# Stables - wooden or breezeblock??



## never to late!! (5 February 2011)

I Have been granted permission to turn some existing agricultural buildings into stables  but i can't decide whether to use breezeblock or wooden partions (stables will be internal) What would be everyones prefered choice for their horses? and for anyone thats already done this which would be the most economical?


----------



## Headpiece (5 February 2011)

I have a selection of both, done as internal parttions in our big shed. 

Initially wood was quick to put up, but some have been damaged by kicks etc and chewed, also we had a mice invasion where they were inside the walls  but we have gradually been replacing them with block. It is solid and cheap, if there is someone you know who can "do" blocks, and they have been whitewashed so quite smart. There is also no room for mice

If i had the time again, it would def be block.


----------



## Maesfen (5 February 2011)

I've got both, a row of three wooden ones and five inside block ones in an old shippon.
Give me block any time; it doesn't get chewed or rot.  Just make sure they are tied in to the connecting walls and it's not a bad idea to stick rods through them then fill with cement to stop them being pushed over which can easily happen if they're hollow.  We've got them nearly 5 foot high with full stable width grills on top so they can see each other and it allows more light.
There is a company that do plastic boards which are meant to be very good, Henryhorn on here has them so if you search her posts that might help.
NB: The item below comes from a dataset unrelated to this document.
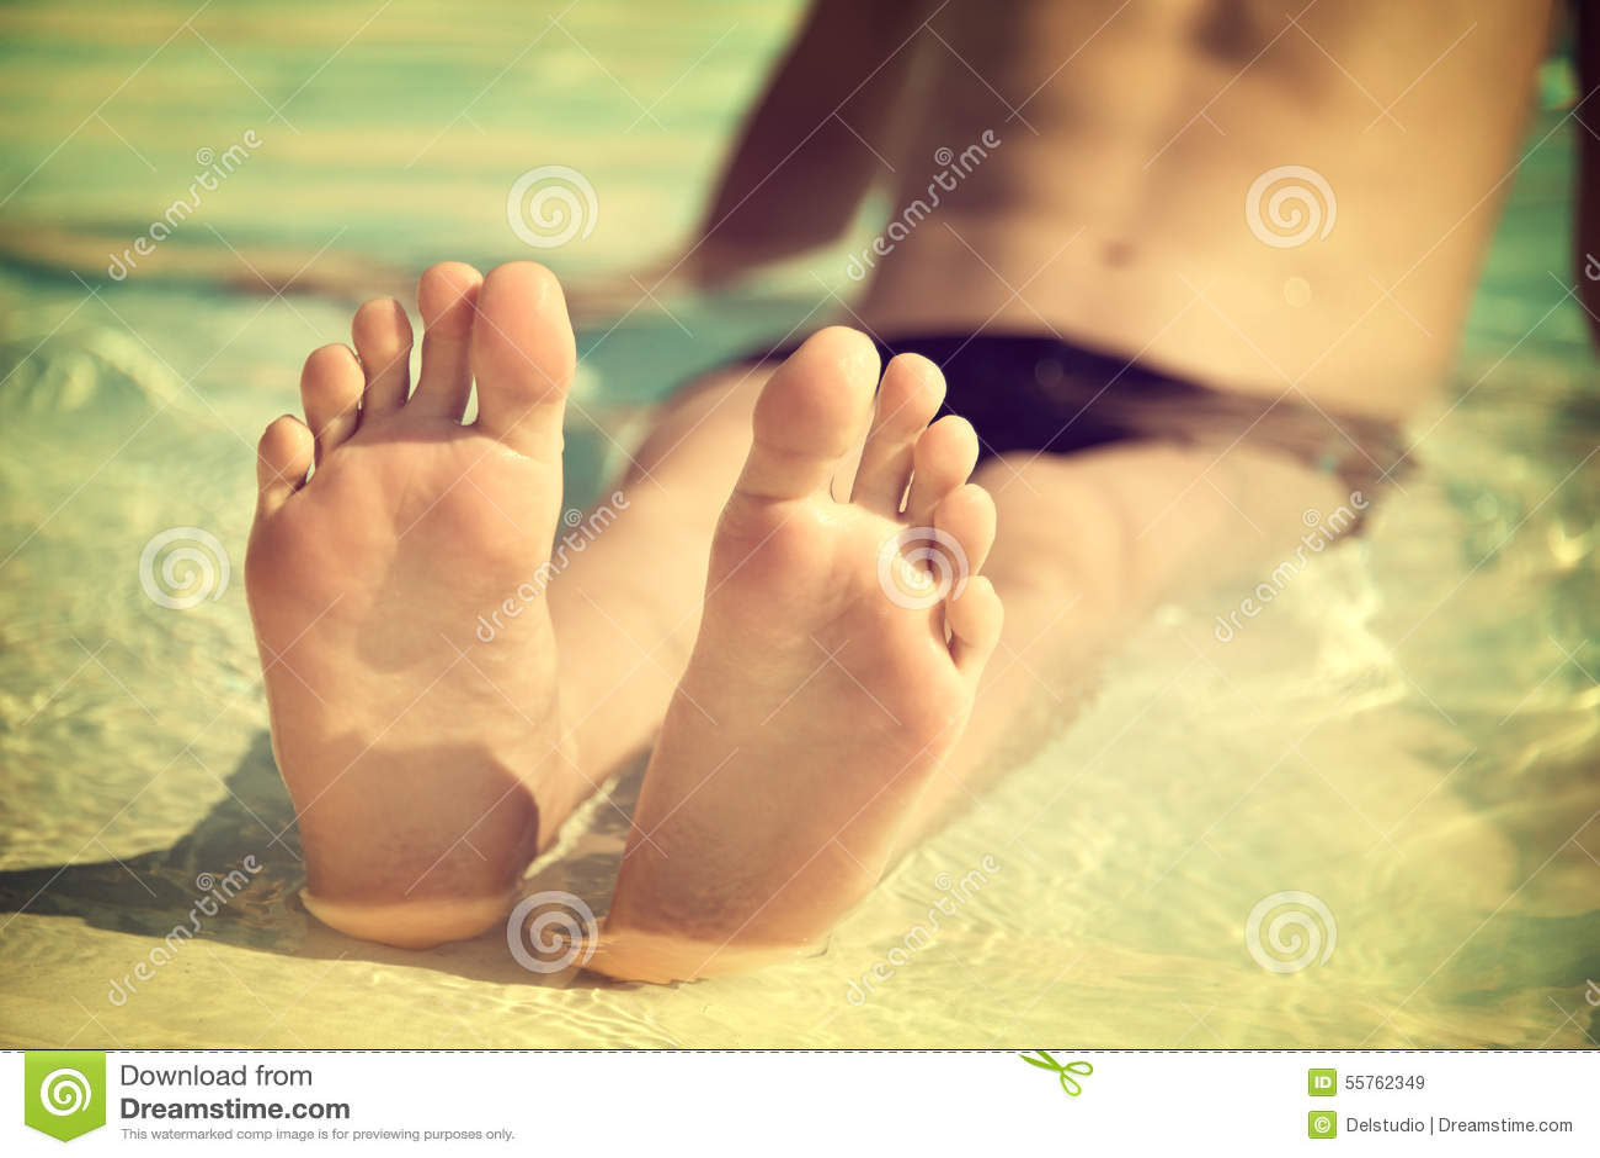 Boys feet movie thumbs gay xxx dolf039s foot

ETA:  After many years of using cheap emulsion to paint the insides of the blocks, a couple of years ago I used Dulux gloss and have only had to wash them down since to bring them back to pristine white again, a big saving in time and money after the initial outlay as it's double the price of emulsion.


----------



## Haniki (5 February 2011)

I think Henryhorn's are from this company:
http://www.iae.co.uk/equestrian/default.htm


----------



## eggs (5 February 2011)

Breeze block for me every time.  We have the solid blocks but second using metal rods and filling with concrete if using the hollow blocks and half height walls.  We had to do this at our previous yard as our pony pushed a wall out one day. 

We paint the bottom few rows with black masonry paint the rest with white masonry paint once a year.  One of our stables also has wall mats around it as I used it for the foals.
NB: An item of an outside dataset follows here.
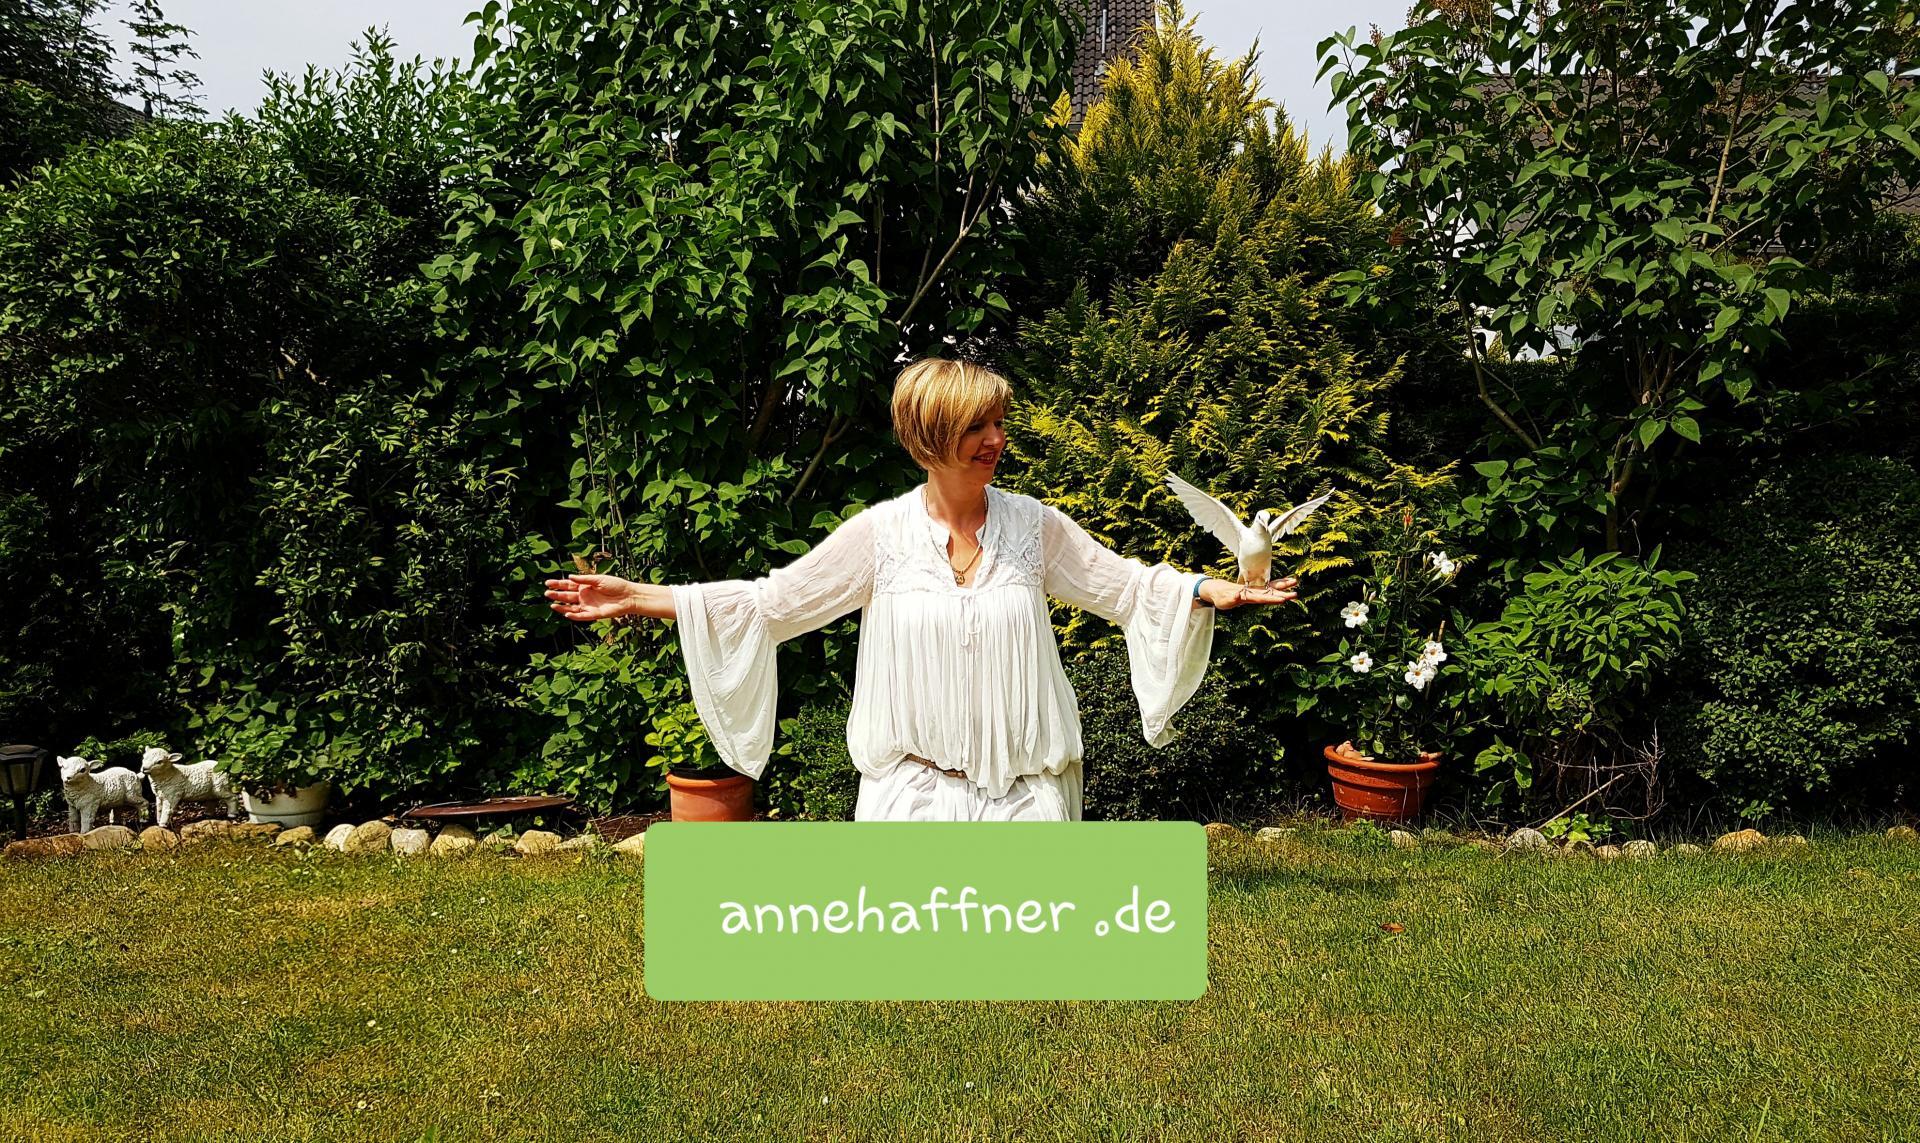 Anne weiss Taube Sommer.jpg

Always worried about wooden stables and fire.  My friend lost her two horses in wooden stables to a fire.


----------



## Honey08 (6 February 2011)

We have breeze block in our internal stables - they've done 25 years so far!

We had metal grills - like on the wooden examples - made to measure and attached to the top of the blocks, which cost about £300/stable, and look great too!  

We have wooden boxes outside, and I much prefer painting a breezeblock wall than creosoting one!


----------



## never to late!! (6 February 2011)

Thankyou for your replies 

I like breezeblock too ~ just need to convince hubby now 

Do you think there much difference cost wise??


----------



## MillionDollar (7 February 2011)

Neither..........get Internal partitions, the plastic ones from IAE. It was me who recommended them to henryhorn. I have 35 stables made from them and they are FAB  

You'll find breezeblocks will work out VERY expensive!


----------



## smiffyimp (7 February 2011)

Breezeblocks every time. Maintanance free and survive kicking horses - wall mats a good idea too if you do have a kicker so they dont ruin their legs!


----------



## SavingGrace (7 February 2011)

We have breeze block outdoor stables and wooden indoor stables!  I would chose the breeze block over anything else whether indoors or out!


----------



## irish_only (7 February 2011)

Breezeblock! Ditto the rods to re-enforce. What our builder did was set the bottom block in below the concrete floor height which helps to tie it in, then blocked, filled with steel rods, poored concrete down the centre of the blocks, and we have walls that can be kicked by a very big horse and no damage.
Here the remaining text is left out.